== Segment start ==
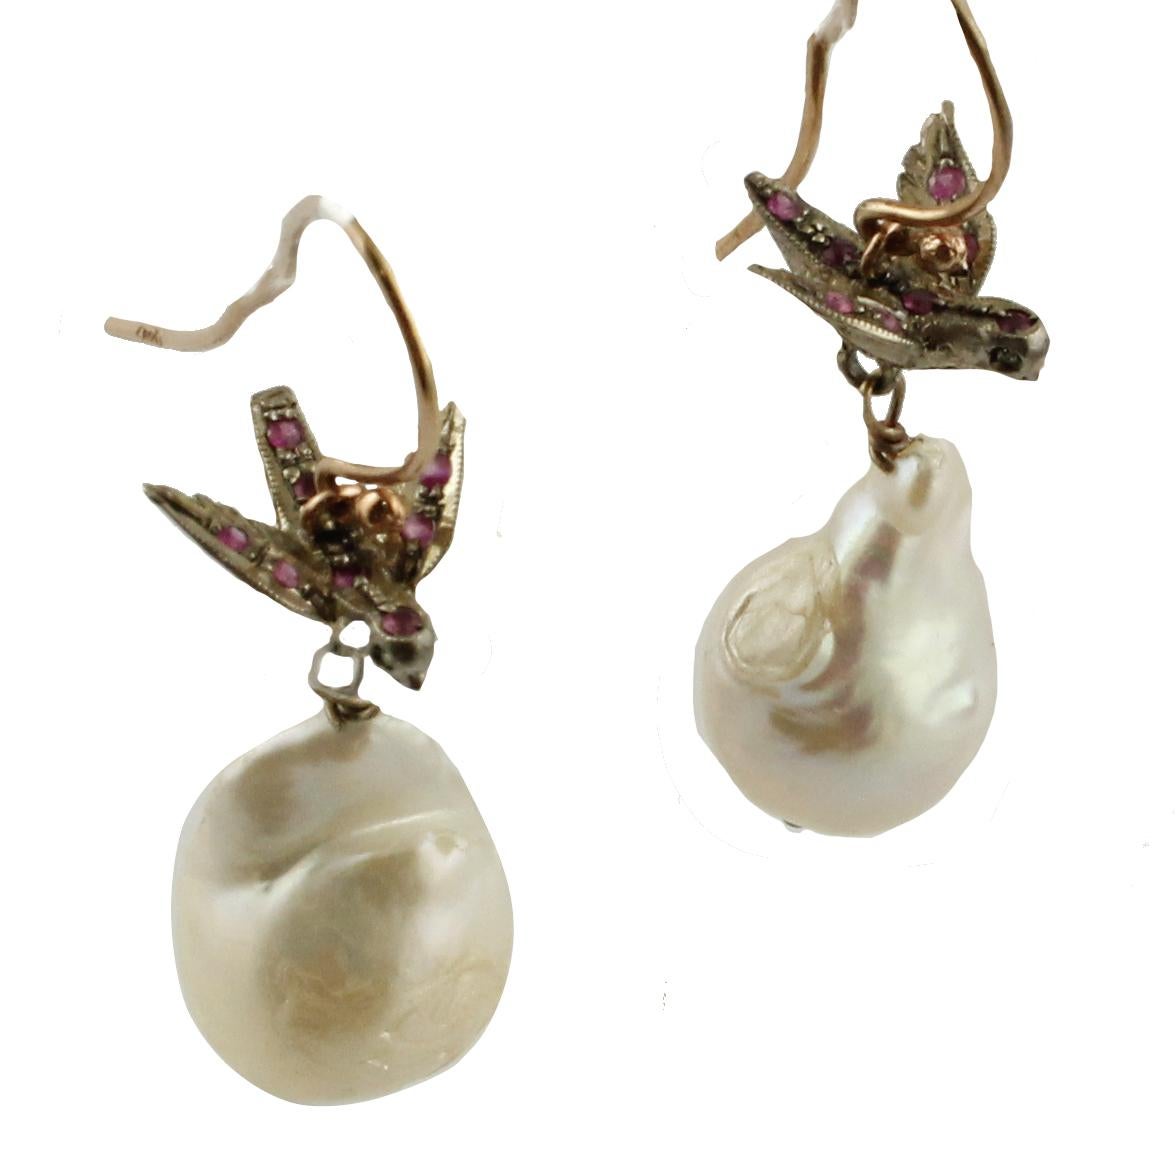 Dangle earrings in 9K rose gold and silver structure composed of birds studded by little rubies on the body and diamonds like eyes at the top, at the bottom there are two white irregular pearls.
Diamonds 0.01 ct 
Rubies 0.64 ct 
Pearls 7.10 g    1.9
== Segment end ==
WHAT TO WORK ON: Copy out all the data exactly. The images should not appear in the copy.

YOUR RESPONSE:
 Dangle earrings in 9K rose gold and silver structure composed of birds studded by little rubies on the body and diamonds like eyes at the top, at the bottom there are two white irregular pearls.
Diamonds 0.01 ct 
Rubies 0.64 ct 
Pearls 7.10 g    1.9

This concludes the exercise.